Edmonton’s City Hall Passes Privacy Regulations for Infill Projects
Privacy remains a concern for many. As many as 70% of Edmonton residents did not want the city hall to regulate how residents interacted with each other in mature neighborhoods, according to a survey. Somewhat inexplicably though, the city hall pushed ahead with its move to pass privacy bylaw amendments, in spite of the survey results pointing otherwise. The move is expected to ensure more privacy among households, so that there is greater privacy screening.
Among the proposals discussed, there was a rule passed that rooftop patios be pushed back by at least two meters if it is at the edge of the roof. The proposal aims to ensure that one cannot overlook his or her own backyard or neighbor’s house from their rooftop patio. The rooftop patio must also be around one meter back from the front of the house as well.
If you’re installing new decks, you may not be as lucky either. If the deck is installed one meter or more off the ground, regardless of whether it is in the back or side yard, you would need to have a privacy screening. The city hall, replying to the survey, stated that the results do not match what they have been hearing from residents for so long.
What does this mean for the infill projects?

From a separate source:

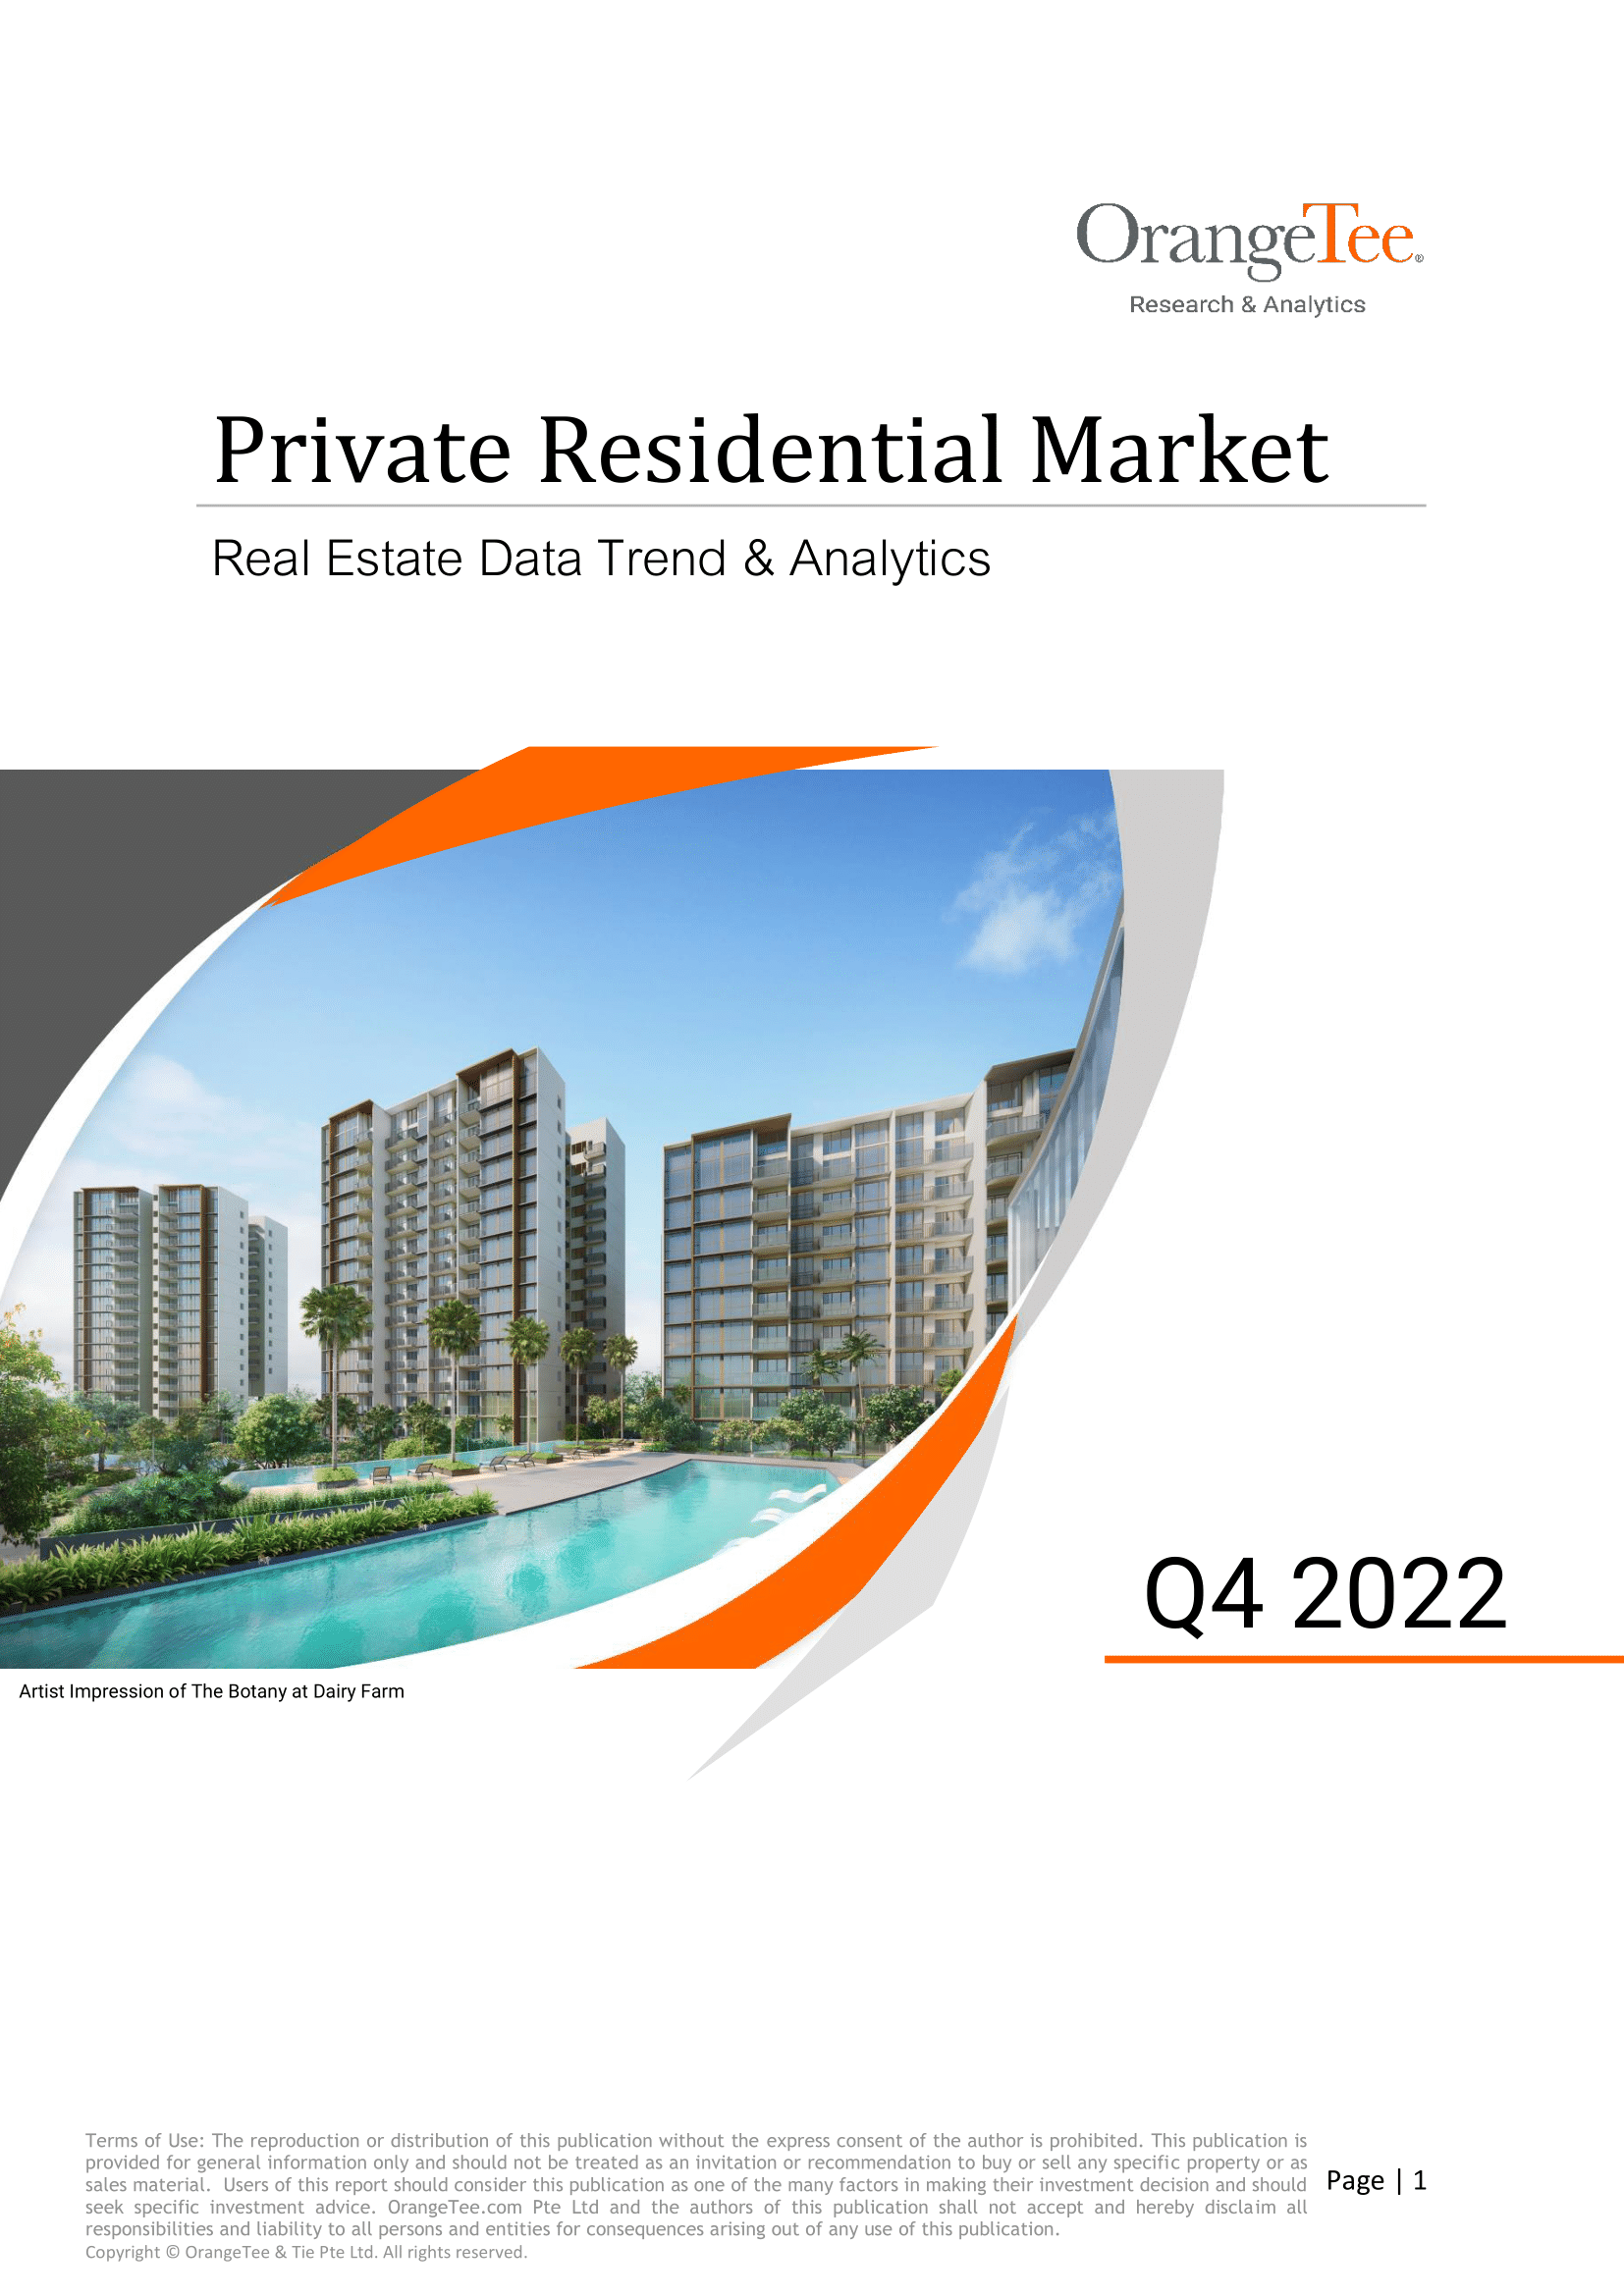 OrangeTee - Private Residential Market Report for Q4 2022-1.png

The new bylaw amendments bring into perspective the different changes one can expect. For one, infill developers will have a lot more work to do than before. They need to check that the windows designed in two-story homes, located around two meters or less from the neighboring property line, fill the privacy screening requirements. Therefore, the development application needs to note all of these details. Additionally, developers would have to plan for bushes and trees accordingly, so that the neighbor’s privacy isn’t compromised.
It is the concern about privacy that is driving the move, according to Coun. Scott McKeen. People are more concerned about intrusion and complaints have been coming in for years, McKeen says. However, he does point out that certain measures could be reached, especially if the neighbors and developers can reach a compromise.
What about the survey results?
When asked about the survey results pointing to as many as 70% residents not having concerns about privacy, Coun. Andrew Knack stated that the views from the past few years have been the opposite, with most people concerned about privacy. City officials, on the other hand, stated how few people responded to the privacy issue during the consultation period. In spite of advertisements in community newsletters and webpages, only a few responses and views were gathered, perhaps playing a part in the eventual decision by City Hall.
The survey, carried out by Insight Community, had interviewed as many as 3,079 Edmonton residents. And it was only 26% of the people who didn’t want neighboring houses and properties to be “allowed to look into other houses of yards in any circumstances.” Instead, nearly 70% responded that they did not want any privacy regulation, or that homeowners could achieve privacy themselves, without the need of any privacy regulation.
This, the respondents stated, could be done by putting in blinds and landscaping. And only around 29% believed that infill projected to have privacy screens, with 71% stating that homeowners could add in balcony walls and landscaping as needed.